Swiss Re’s report categorised nine new emerging risks and five emerging risk trends into level of impact, the time frame in which they would emerge and the business spaces they would impact.

The reinsurer categorised risks associated with the “commercial space age” as likely to begin having a medium impact on insurers after three years, with risks mostly concentrated in speciality lines markets.

Private firms are increasingly building and operating rockets, commercial space flights and satellites. The ever increasing deployment of tech into orbit around the globe is creating new risks for insurers, said Swiss Re.

A growing sector

The firm estimates that the commercial space industry may be worth $1tr (£82bn) by 2040 – up from $350bn (£285bn) today.

This growth will mainly focus around private rocket launches for tourism and commercial payloads and satellite systems to facilitate more global services.

Insurers have traditionally offered third-party liability insurance to commercial space operators for damage to satellites, rockets and unmanned spaceflights, although appetite for offering liability to private space passengers has been minimal.

Swiss Re predicts that this could change as insurers develop policies that cover for bodily injury for space travellers, as well as directors and officers’ (D&O) cover for the management of space operating companies.
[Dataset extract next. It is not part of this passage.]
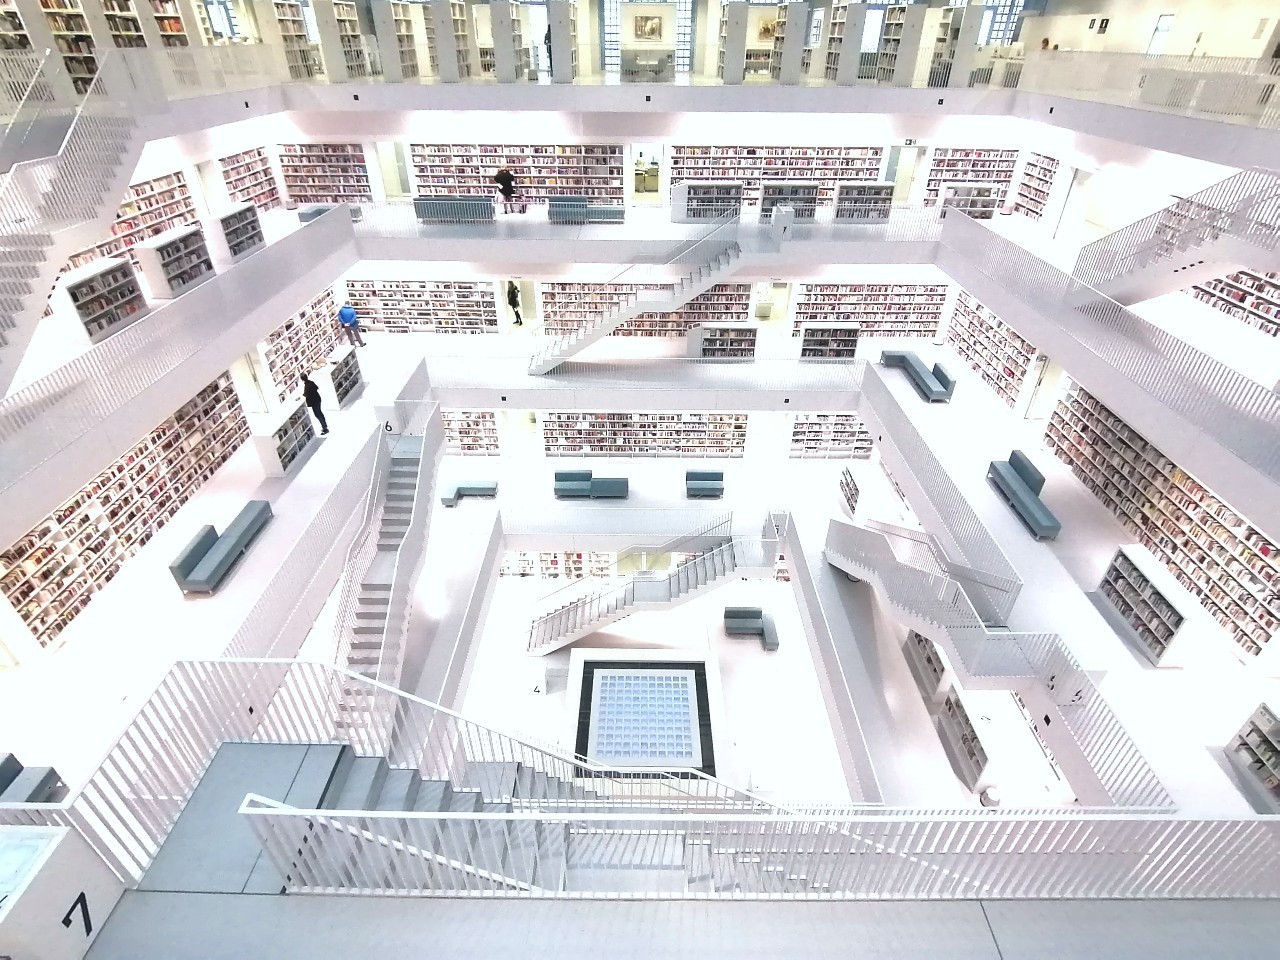 ヨーロッパの美しい図書館その9　シュトゥットガルト市立図書館　【ドイツ】

Increased insurer appetite could be facilitated by new, supportive legislation, said Swiss Re: “Internationally-binding regulations to order space traffic, rights and duties could boost the currently limited appetite of insurers to provide life and health, liability or D&O covers in the context of space tourism and other space activity.”

This would, in turn, allow for insurers to support the burgeoning space sector.

“Such policies will need to be available on the market before space travel can transform into a fully-functioning tourism offering,” added the report.